Alberta's education minister says it's not the NDP government's fault that there will be a major delay in completing new schools and modernizing others.

CALGARY — Alberta’s education minister says it’s not the NDP government’s fault that there will be a major delay in completing new schools and modernizing others.

Dave Eggen told a news conference in Calgary that about 100 projects which were to be completed starting next September are behind schedule. He said the delays range from a few months to a full year.

The minister said the blame should be squarely focused on the former Progressive Conservative government which was defeated in last May’s election.

“People have been asking about where’s the skeletons from the previous government? This is a big one,” Eggen said Tuesday.

He is asking the province’s auditor general to investigate.

“The former government failed to set out realistic construction timelines and pushed project timelines through without long-term planning to keep them and make sure they would bear out to fruition,” he said.

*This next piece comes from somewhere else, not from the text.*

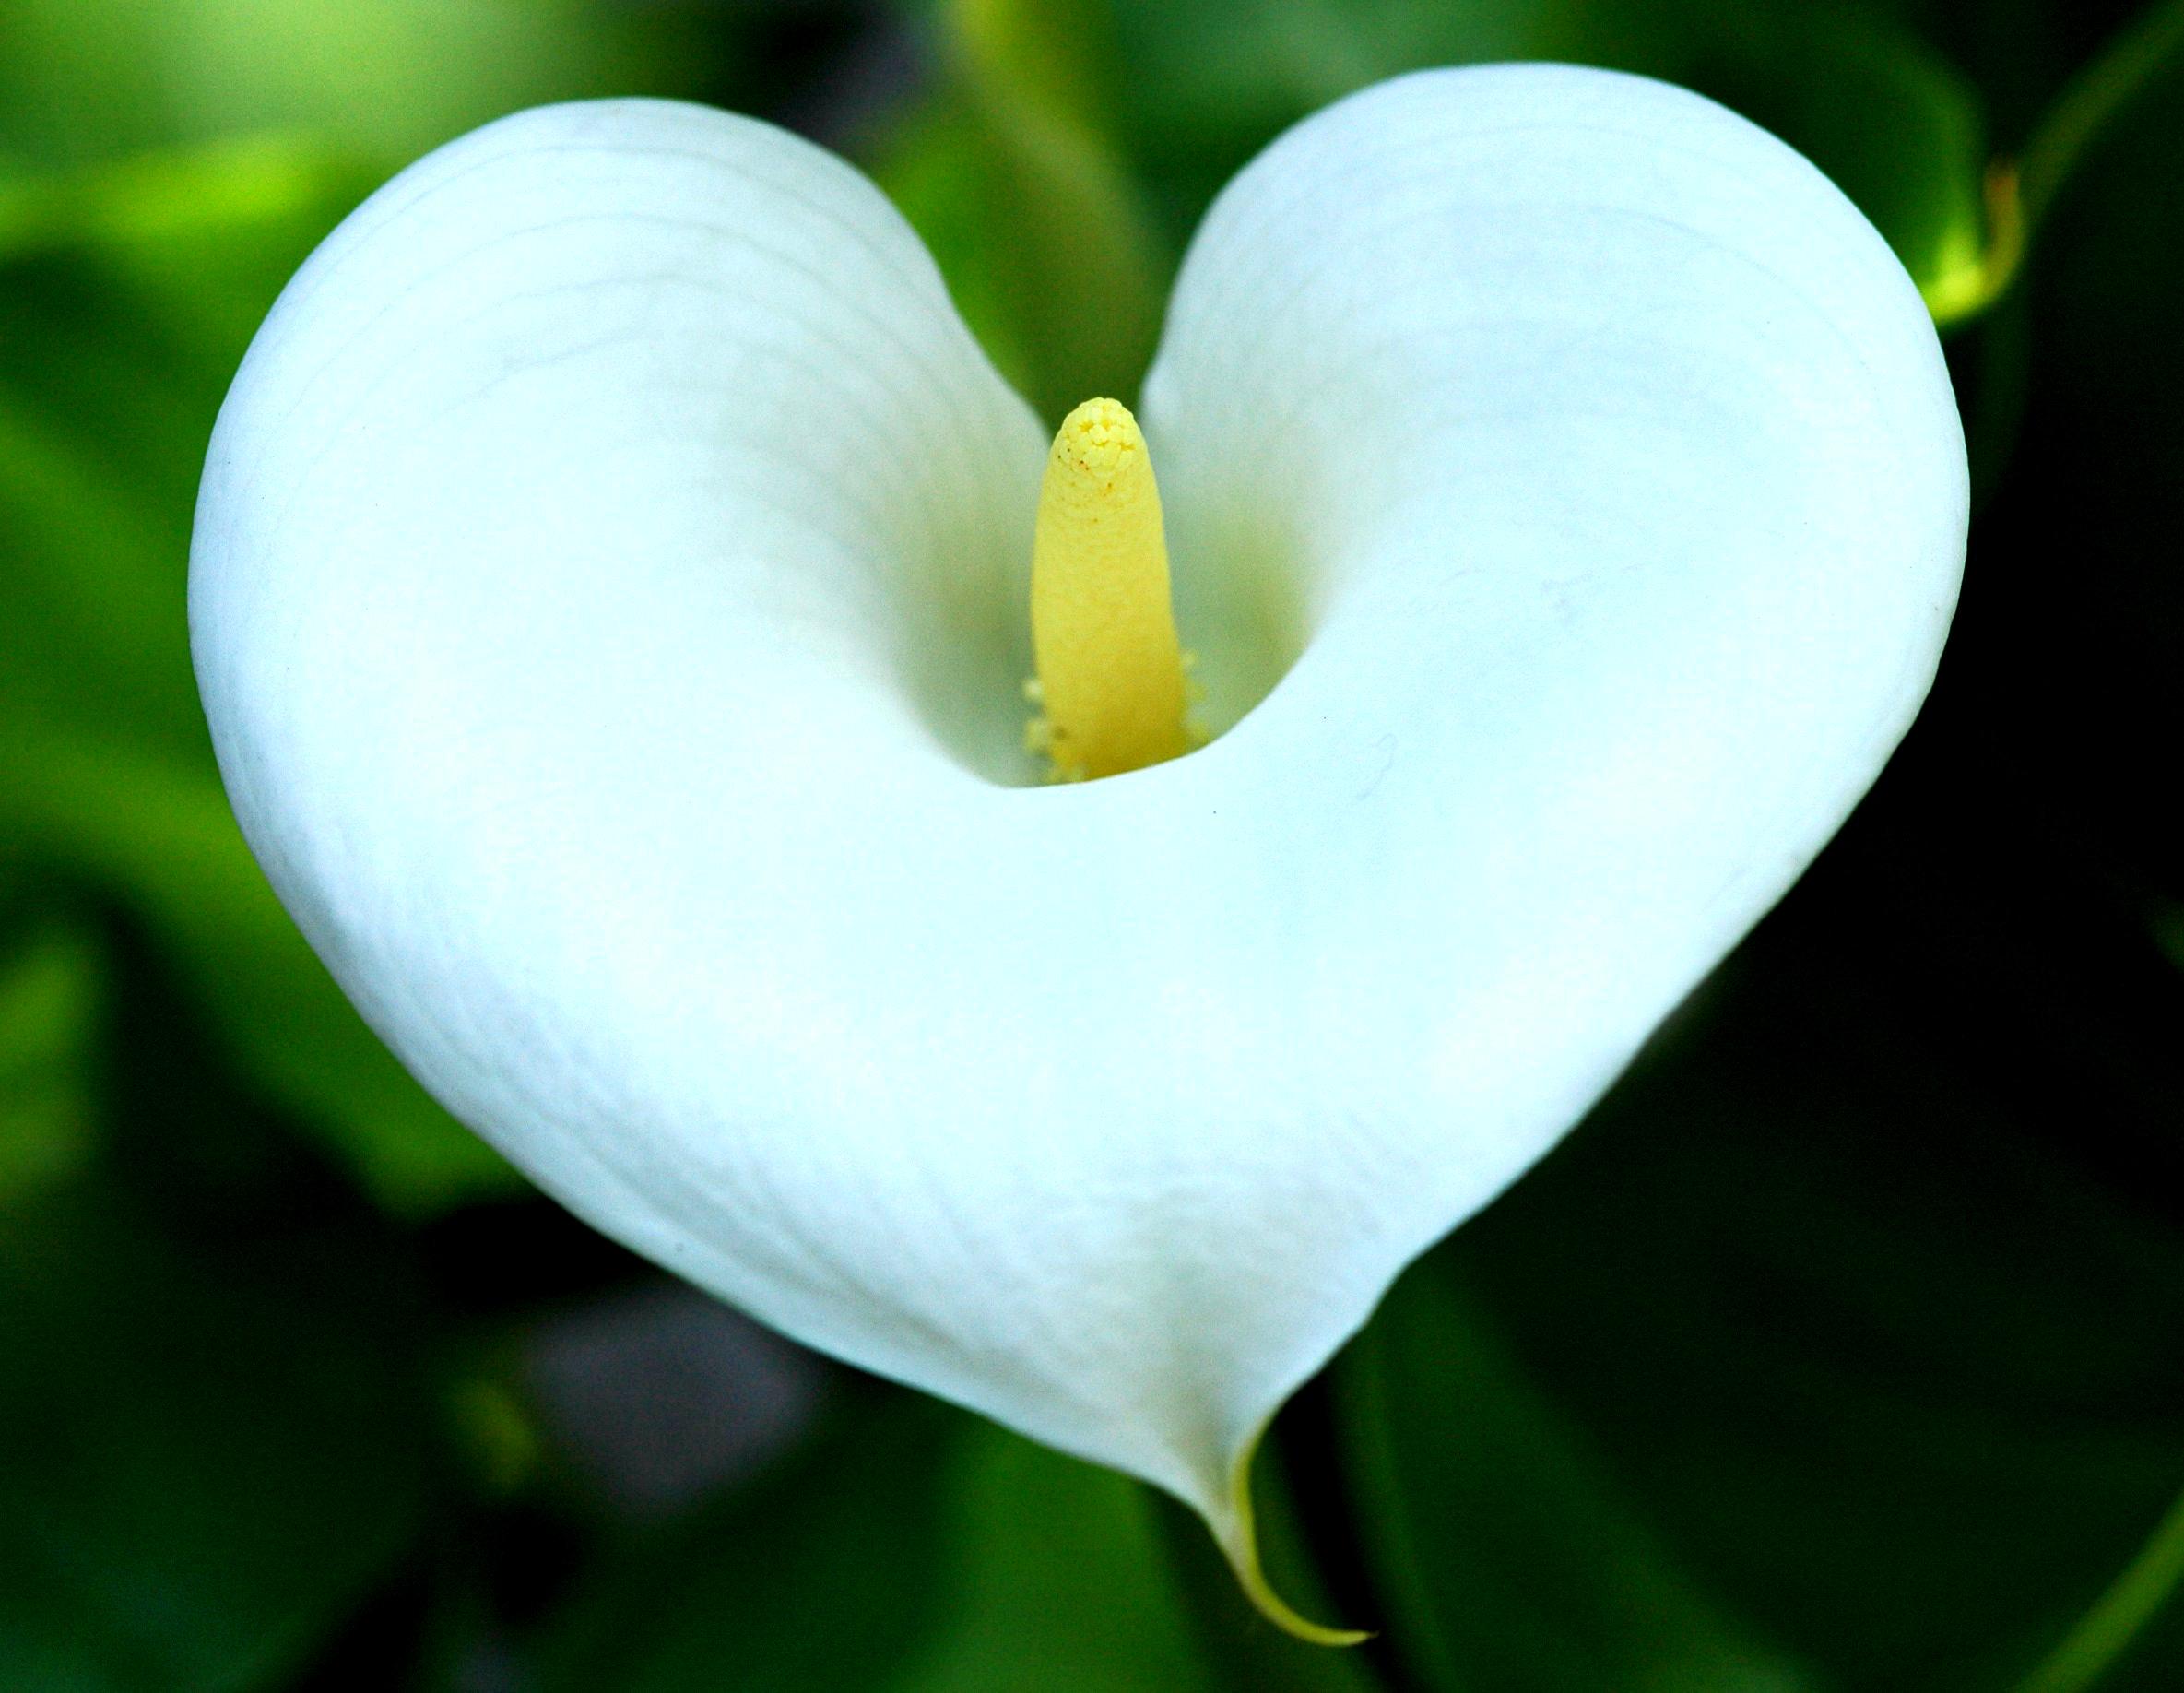 Картинка сердечка
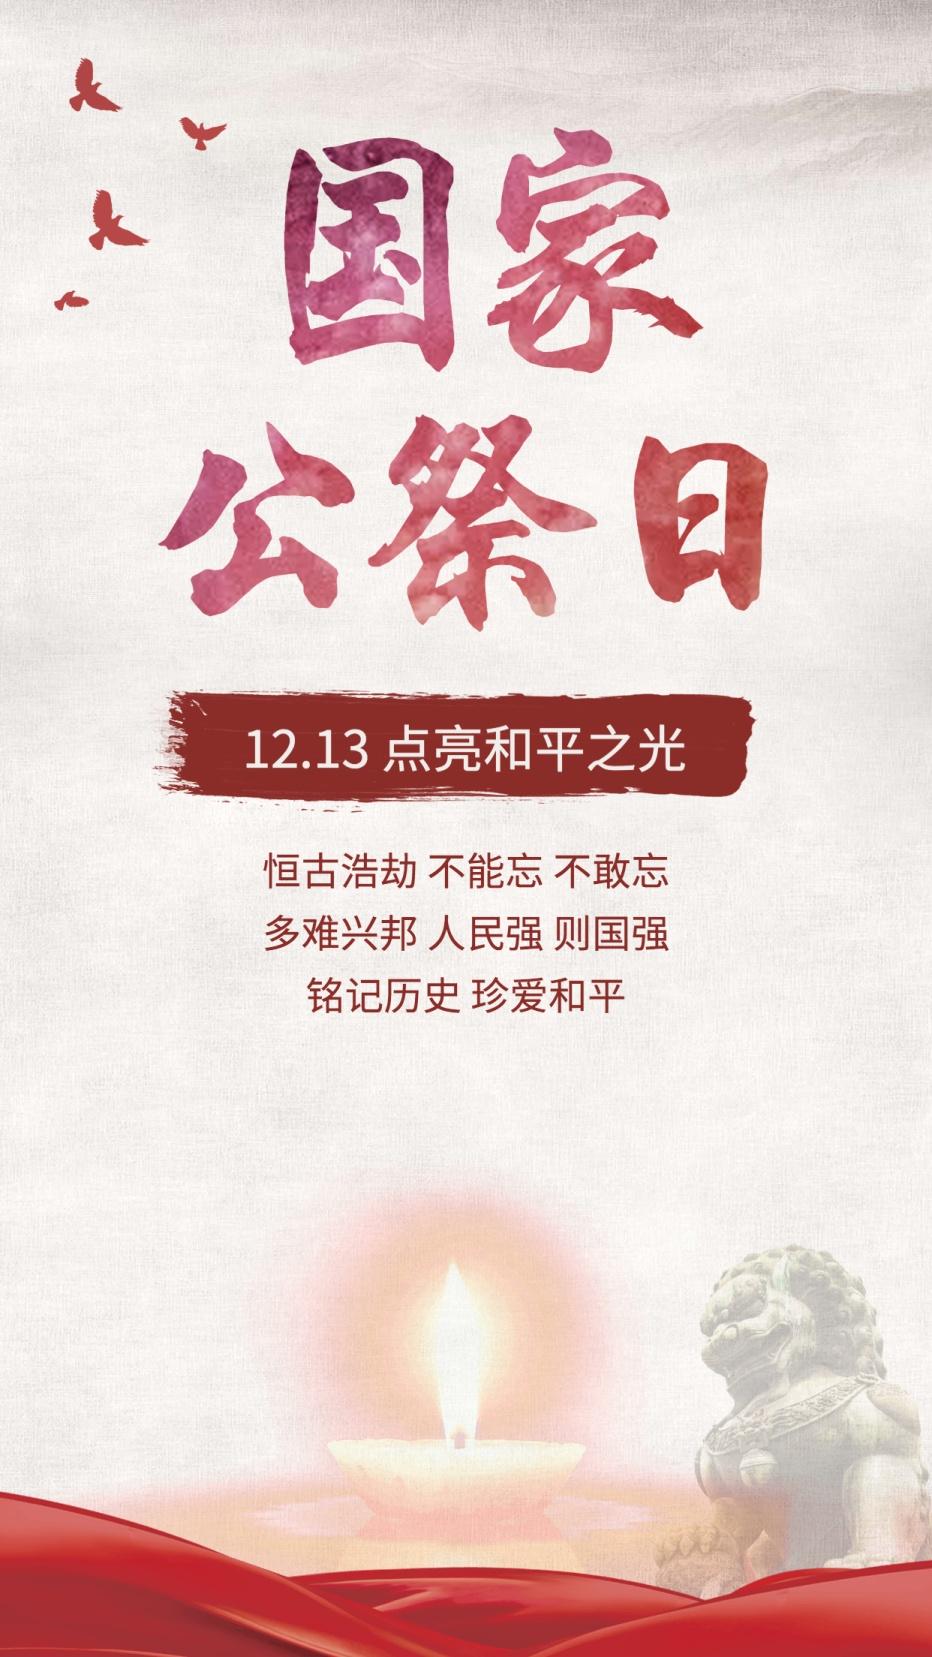 国家公祭日南京大屠杀纪念日党政手机海报

“As a result, at a time when Alberta was growing rapidly, the previous government did not build a sufficient supply of schools to meet the needs of children.”

The former PC government said the province would spend $5 billion to build or upgrade 230 schools over the next five years. It promised in 2012 to build 50 new schools and modernize 70 more by 2016.

Premier Jim Prentice added 56 new schools and 21 more modernizations to a list to be completed by 2018.

“We saw this shell game going on for months, or even years, where there was a sign with a picture of a school but no school,” Eggen said.

“I’ve asked the auditor general to look into what has happened with these school projects and why there are so many that are so far behind and to give us advice on how to do better in the future.”

The auditor general is expected to report back before the end of the year.

The New Democrats are to deliver their first budget Oct. 27.

The former PC government tabled a 2015-16 budget in March and ran on it in the May election, but lost to the NDP.